Client hereby releases, waives, discharges, holds harmless, and covenants not to sue Company or its parents, subsidiaries, and affiliates and each of their respective directors, officers, shareholders, managers, members, trustees, employees, independent contractors, volunteers, licensors, licensees, representatives, agents, heirs, successors, and assigns (collectively, the “Releasees”) from any and all liability to Client and their heirs and next of kin for any and all claims, demands, losses or damages of any kind (a) on account of injury or economic loss, including death or damage to property, sustained by the Client in connection with any activities contemplated hereunder whether or not caused or alleged to be caused in whole or in part by the negligence of any one or more of the Releasees and/or third parties, including others authorized to participate in any activities contemplated hereunder or the Services, or (b) for libel, slander, invasion of right of privacy, publicity or personality, or otherwise relating to the use of Client’s name, image, visual likeness, portrait, photograph, video, sound recordings, biography, trademarks, service marks, logos, and branding or the exercise of any of the rights referred to herein. To the extent applicable and to the fullest extent permitted by law, Client expressly waives all of their rights under California Civil Code Section 1542, which provides: “A GENERAL RELEASE DOES NOT EXTEND TO CLAIMS THAT THE CREDITOR OR RELEASING PARTY DOES NOT KNOW OR SUSPECT TO EXIST IN HIS OR HER FAVOR AT THE TIME OF EXECUTING THE RELEASE AND THAT, IF KNOWN BY HIM OR HER, WOULD HAVE MATERIALLY AFFECTED HIS OR HER SETTLEMENT WITH THE DEBTOR OR RELEASED PARTY.”

 

Limitation of Liability. TO THE EXTENT ALLOWABLE BY LAW, THE MAXIMUM LIABILITY OF THE RELEASEES TO CLIENT FOR DAMAGES FOR ANY AND ALL CAUSES WHATSOEVER UNDER ANY THEORY OF RECOVERY, AND CLIENT’S MAXIMUM REMEDY, REGARDLESS OF THE FORM OF ACTION, WHETHER IN CONTRACT, TORT OR OTHERWISE, SHALL BE LIMITED TO $100 USD. IN NO EVENT SHALL THE RELEASEES BE LIABLE FOR LOST PROFITS, BUSINESS INTERRUPTION OR FOR ANY INDIRECT, INCIDENTAL, SPECIAL, CONSEQUENTIAL, EXEMPLARY OR PUNITIVE DAMAGES OR PENALTIES ARISING OUT OF OR RELATING TO THIS AGREEMENT OR THE SERVICES, EVEN IF CLIENT OR ANY RELEASEE HAS BEEN, OR SHOULD HAVE BEEN, ADVISED OF THE POSSIBILITY OF SUCH DAMAGES, AND NOTWITHSTANDING THE FAILURE OF ESSENTIAL PURPOSE OF ANY LIMITED REMEDY. 

 

Indemnification.

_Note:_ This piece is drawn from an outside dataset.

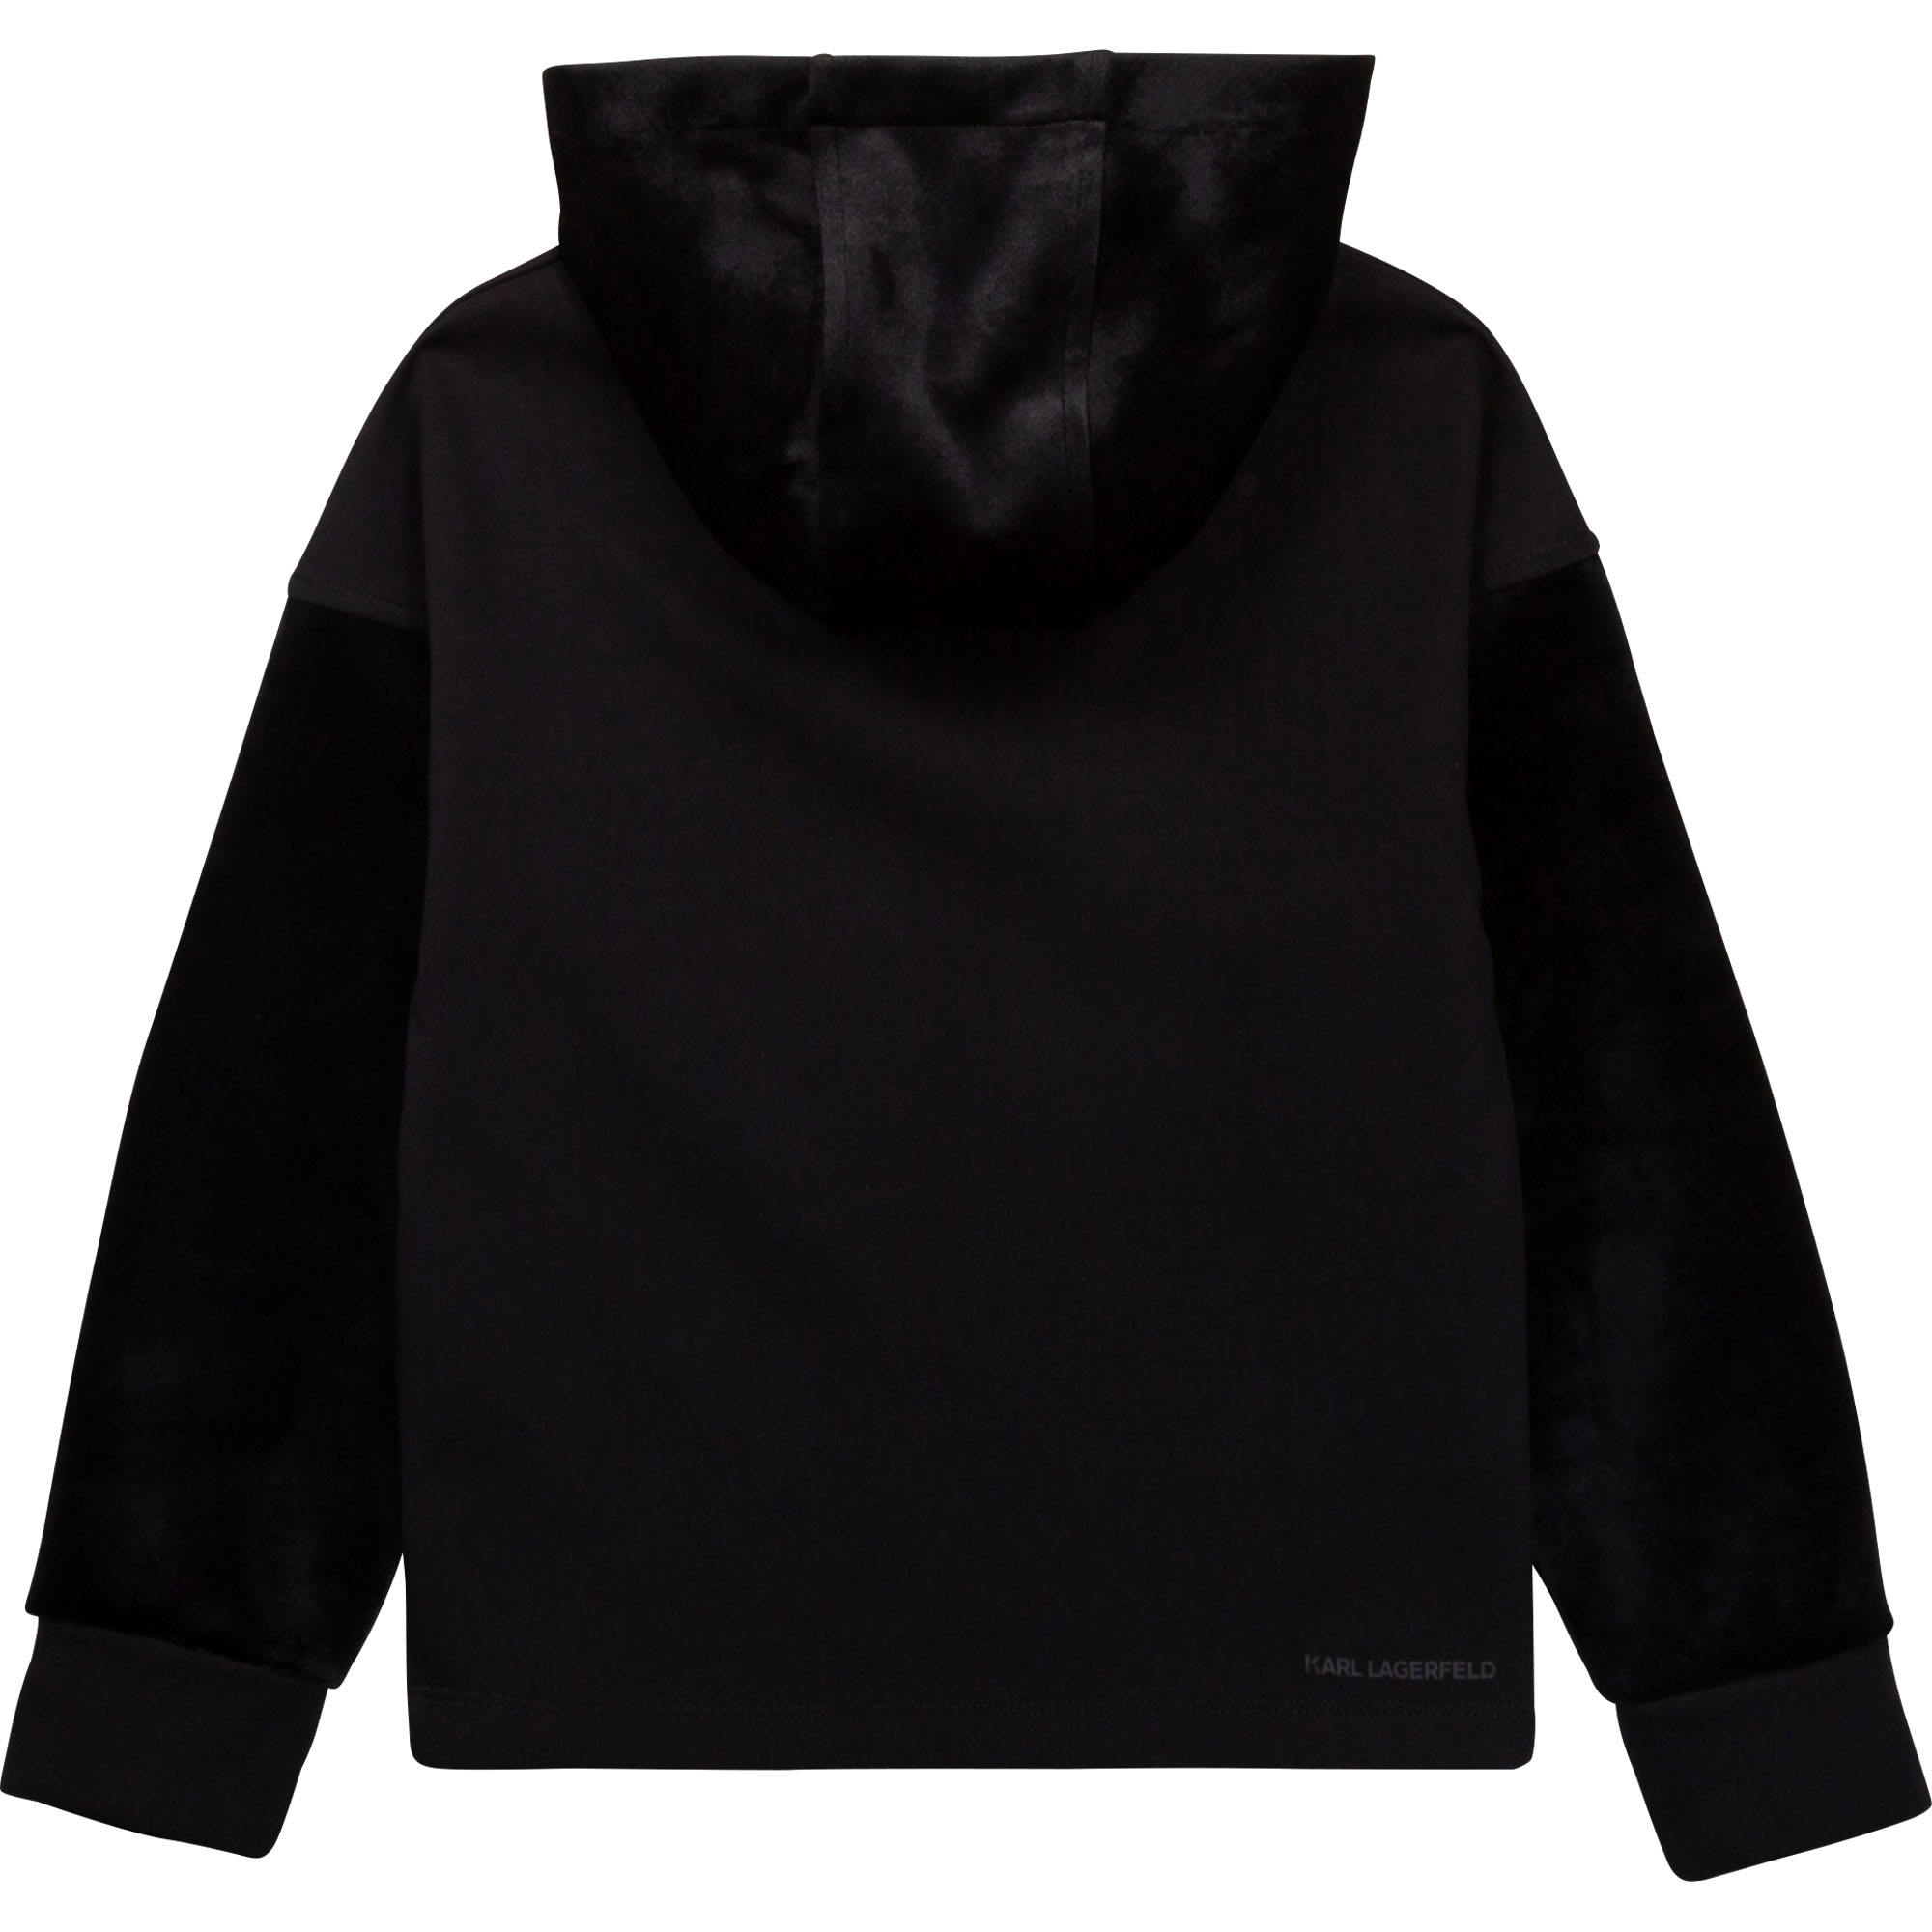 Dual-material hooded sweatshirt KARL LAGERFELD KIDS for BOY

Client shall indemnify, defend, and hold  the Releasees harmless from and against any and all losses, claims, suits, actions, liabilities, obligations, damages, costs, or expenses (including, without limitation, reasonable attorney’s fees and costs), to the extent arising from(i) a breach of any representation, warranty, and/or obligation under this Agreement by Client; (ii) the gross negligence of Client; or (iii) the failure of Client to comply with any applicable law, rule or regulation, unless such claim arises solely from a breach of any representation, warranty, and/or obligation made by Company hereunder. 

 

Force Majeure.  Company shall not be deemed in breach of this Agreement if Company is unable to fulfill the Services hereunder or any portion thereof by reason of fire, earthquake, labor dispute, act of God or public enemy, pandemic, death, illness, or incapacity or any local, state, federal, national, or international law, governmental order or regulation or any event beyond Company’s control (collectively “Force Majeure Event”).  Upon occurrence of a Force Majeure Event, Company shall use reasonable efforts to give Client notice of its inability to perform or of delay in completing the Services and may propose revisions to the schedule for completion of the Services.

 

Dispute Resolution. Subject only to Section 13, below, all disputes between the Parties arising out of or in connection with this Agreement or any breach thereof will be determined and settled by binding arbitration, in accordance with the Commercial Arbitration Rules of the American Arbitration Association (the “AAA”). The arbitration will not be combined with any other proceeding or arbitration against one of the Parties. The place of any such arbitration shall be in or near  New York County, New York. Each party will designate one arbitrator and the two designated arbitrators will select a third arbitrator to serve as the chair of the arbitration panel. If the two arbitrators cannot agree on the third arbitrator, then the AAA will appoint the third arbitrator. Barring extraordinary circumstances, the arbitrators will issue their decision within one hundred twenty (120) days from the date the third arbitrator is selected. The arbitrators may extend this time limit for an additional thirty (30) days in the interests of justice. All arbitration proceedings will be closed to the public and confidential and all records relating thereto will be permanently sealed, except as necessary to obtain court confirmation of the arbitration award. The arbitrators’ decision and award will be in writing and will include a statement setting forth the reasons for the disposition of any claim.  A dissenting decision (if any) will also be set forth in writing. The award rendered by the arbitrators will be final and binding on the Parties, and judgment thereon may be entered in any court of competent jurisdiction. The arbitration will be governed by and construed in accordance with laws of the State of New York without reference to conflict of laws provisions.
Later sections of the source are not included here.